*** Data below ***
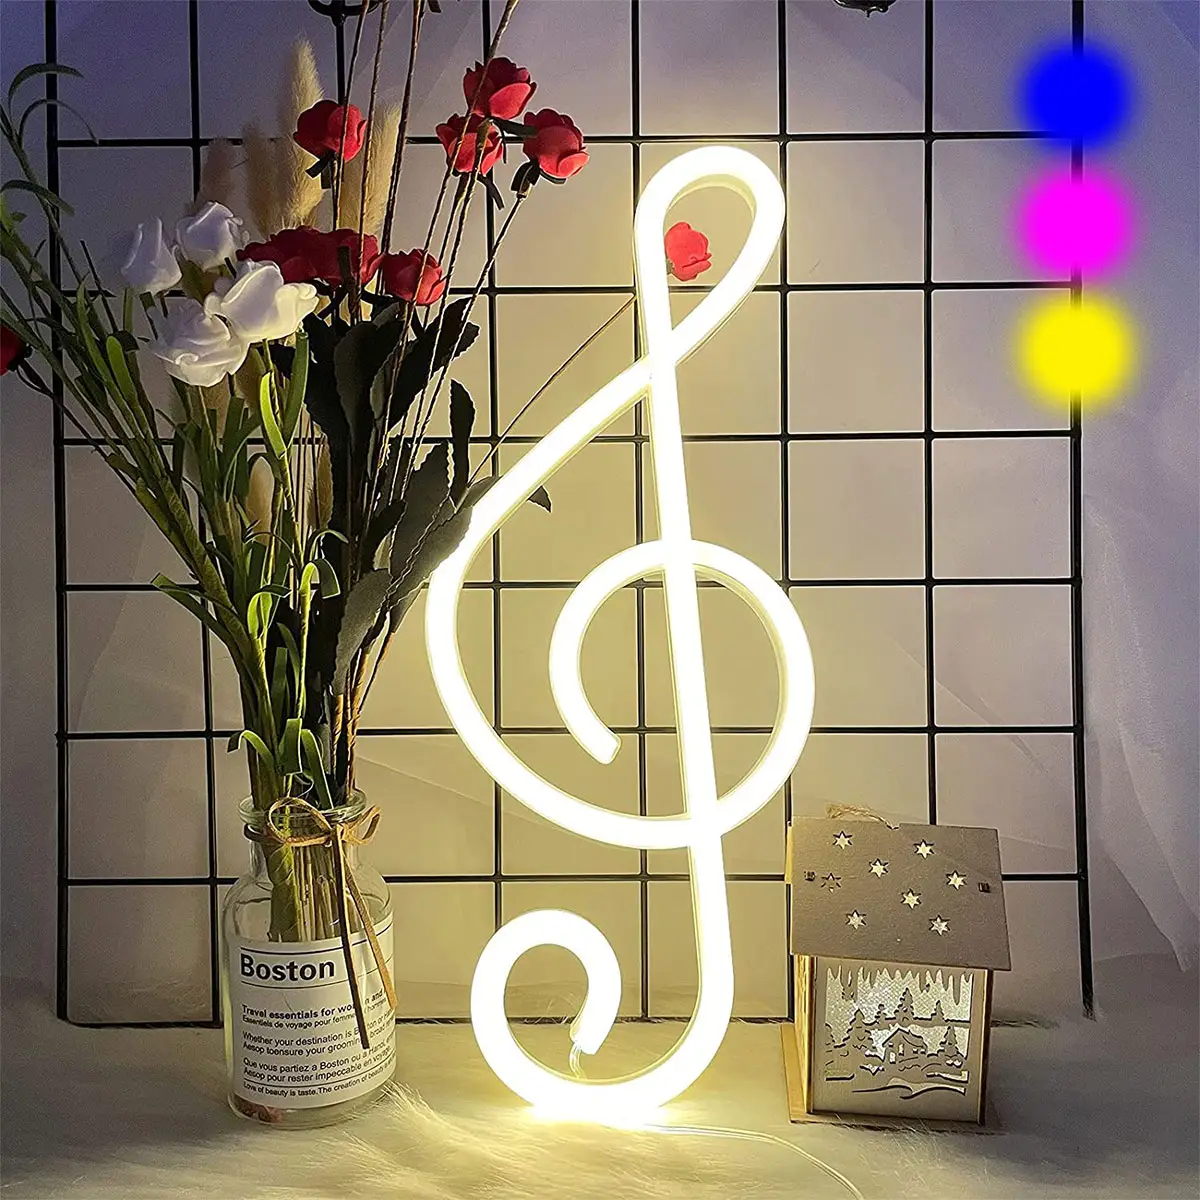 음악 노트 야간 램프 LED 네온 라이트 콘서트 벽 램프 배터리/USB 전원 다채로운 네온 램프 바 야간 조명 침실 장식
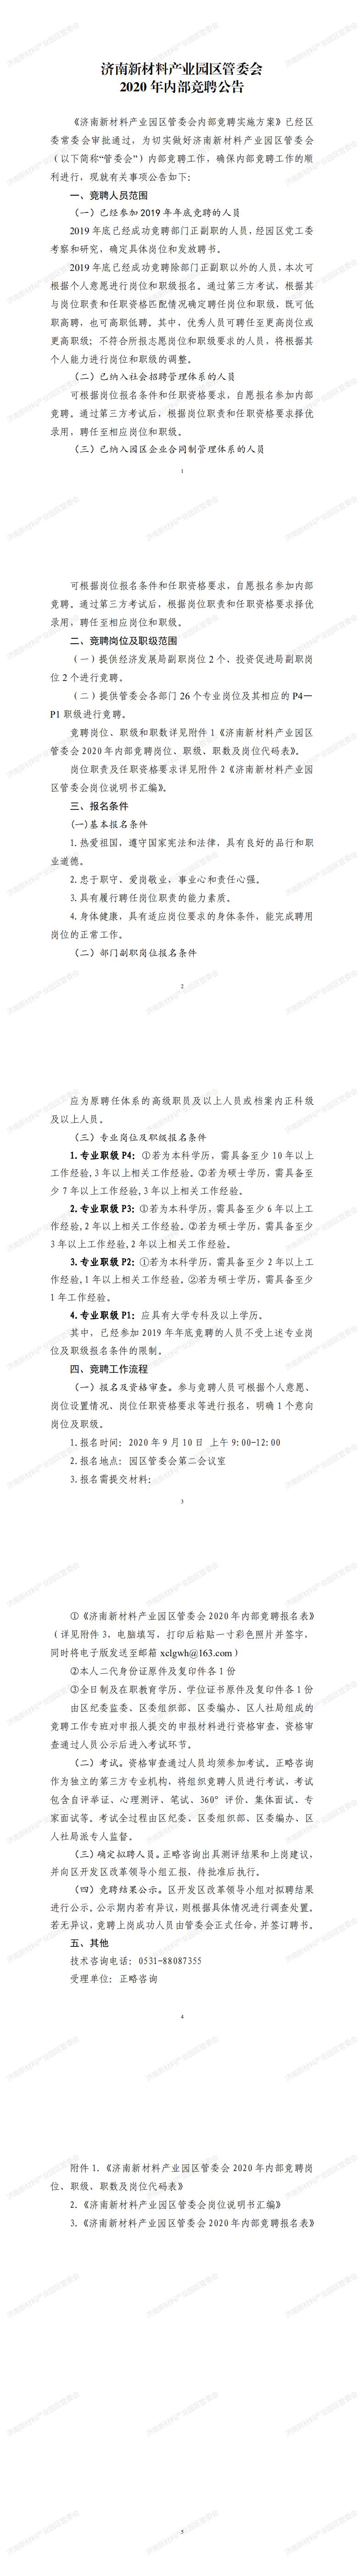 济南新材料产业园区管委会2020年内部竞聘公告_0.jpg
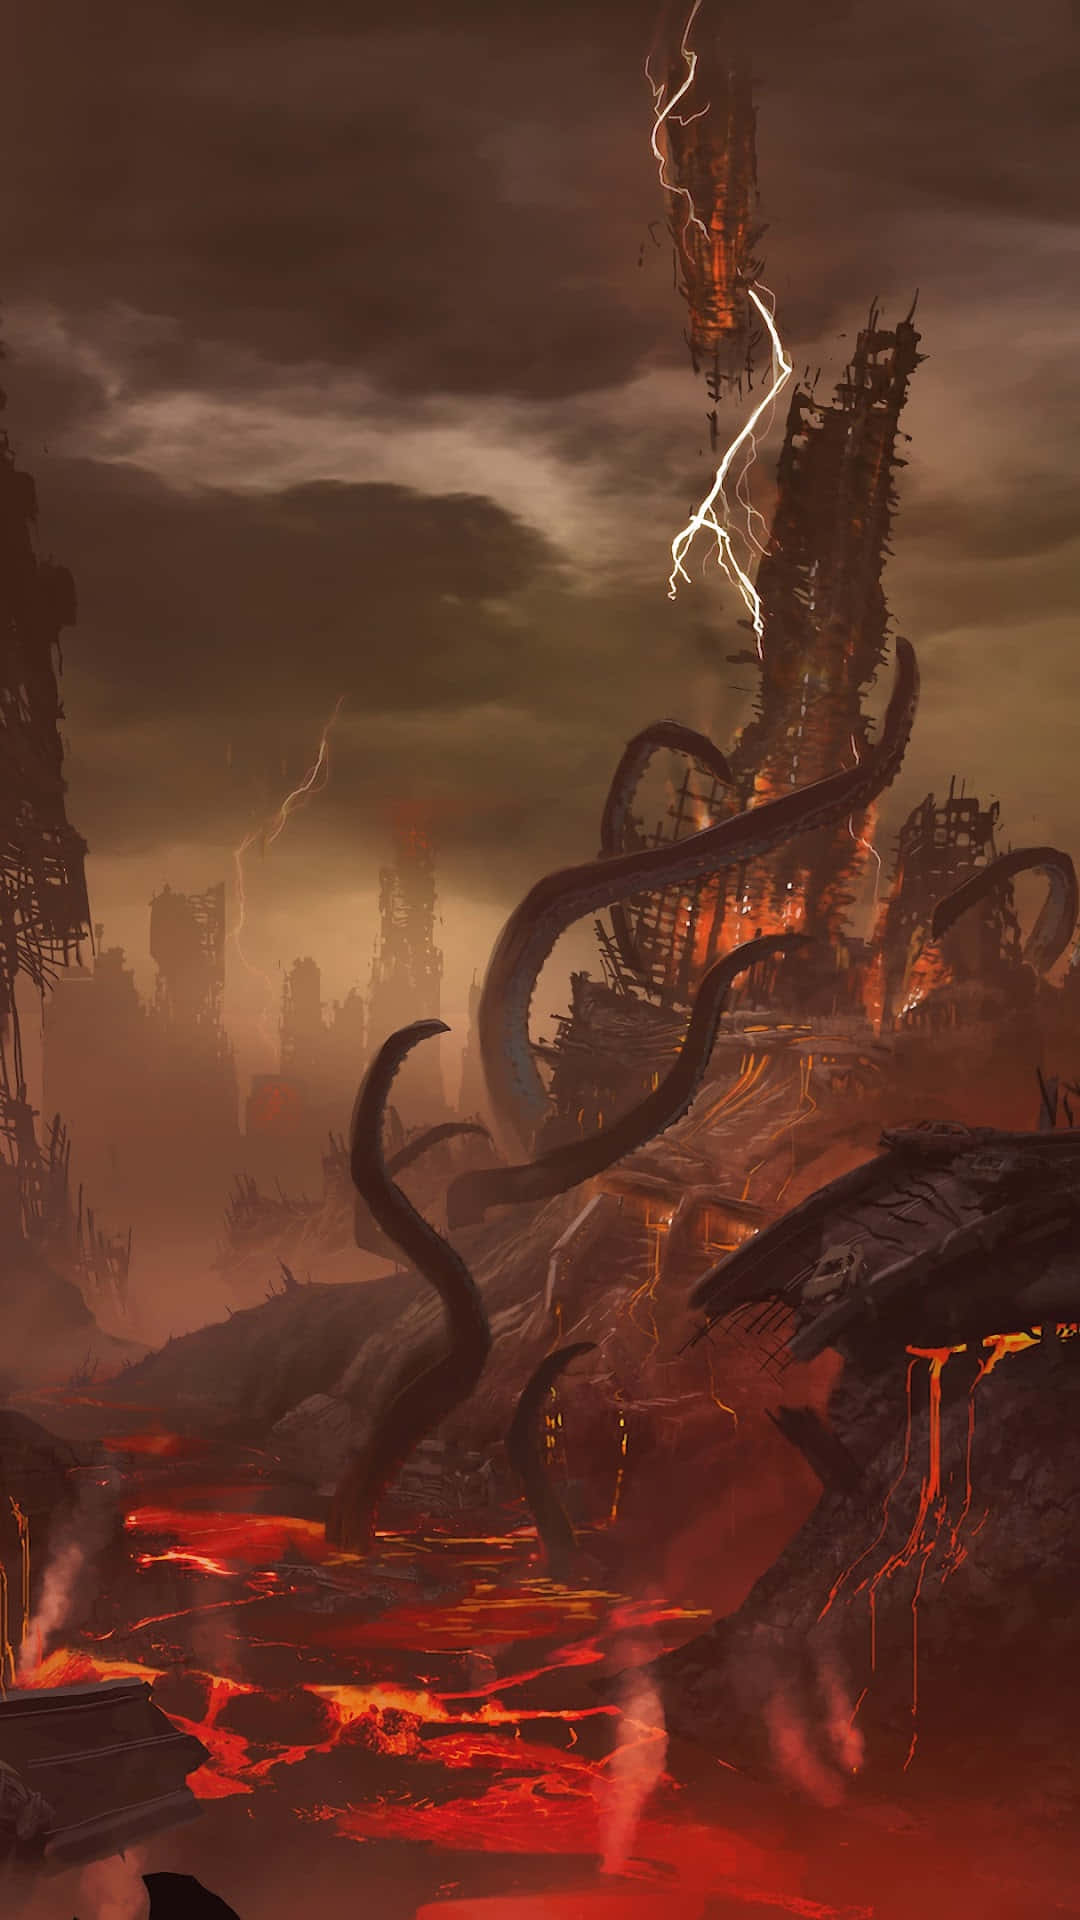 Tårn omgivet af tentakler i helvede baggrund
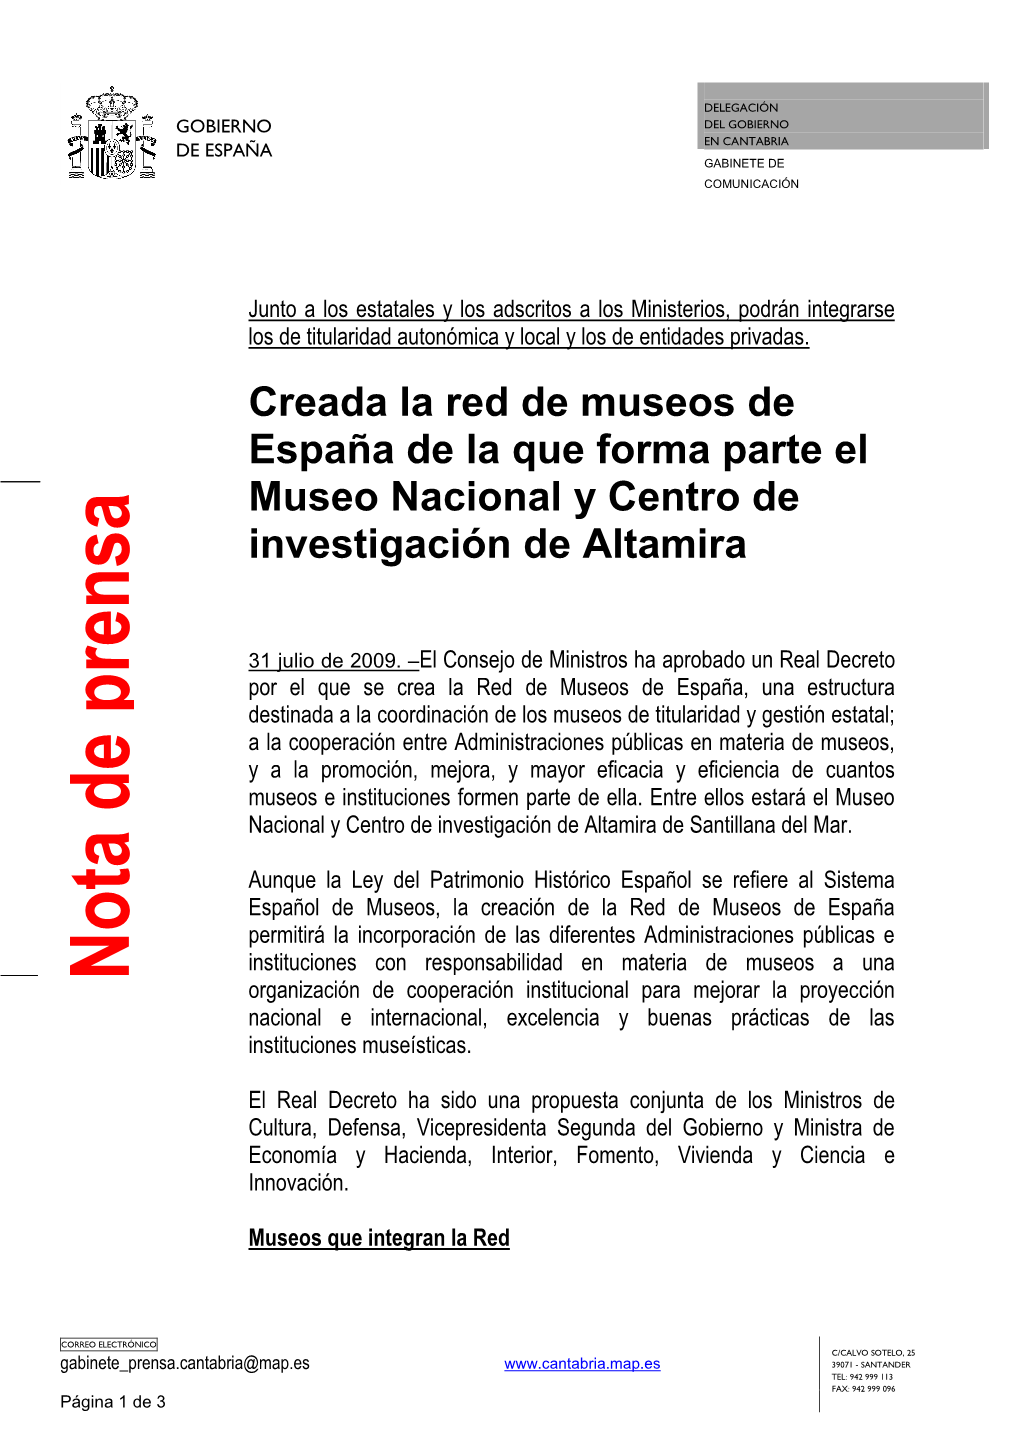 Creada La Red De Museos De España De La Que Forma Parte El Museo Nacional Y Centro De Investigación De Altamira
***
The copy should hold, exactly, the lines from the one containing "济南新材料产业园区管委会2020年内部竞聘公告_0.jpg" to the final line of the listing above, with both ends present and no pictures.

 济南新材料产业园区管委会2020年内部竞聘公告_0.jpg
 Tårn omgivet af tentakler i helvede baggrund
 Creada La Red De Museos De España De La Que Forma Parte El Museo Nacional Y Centro De Investigación De Altamira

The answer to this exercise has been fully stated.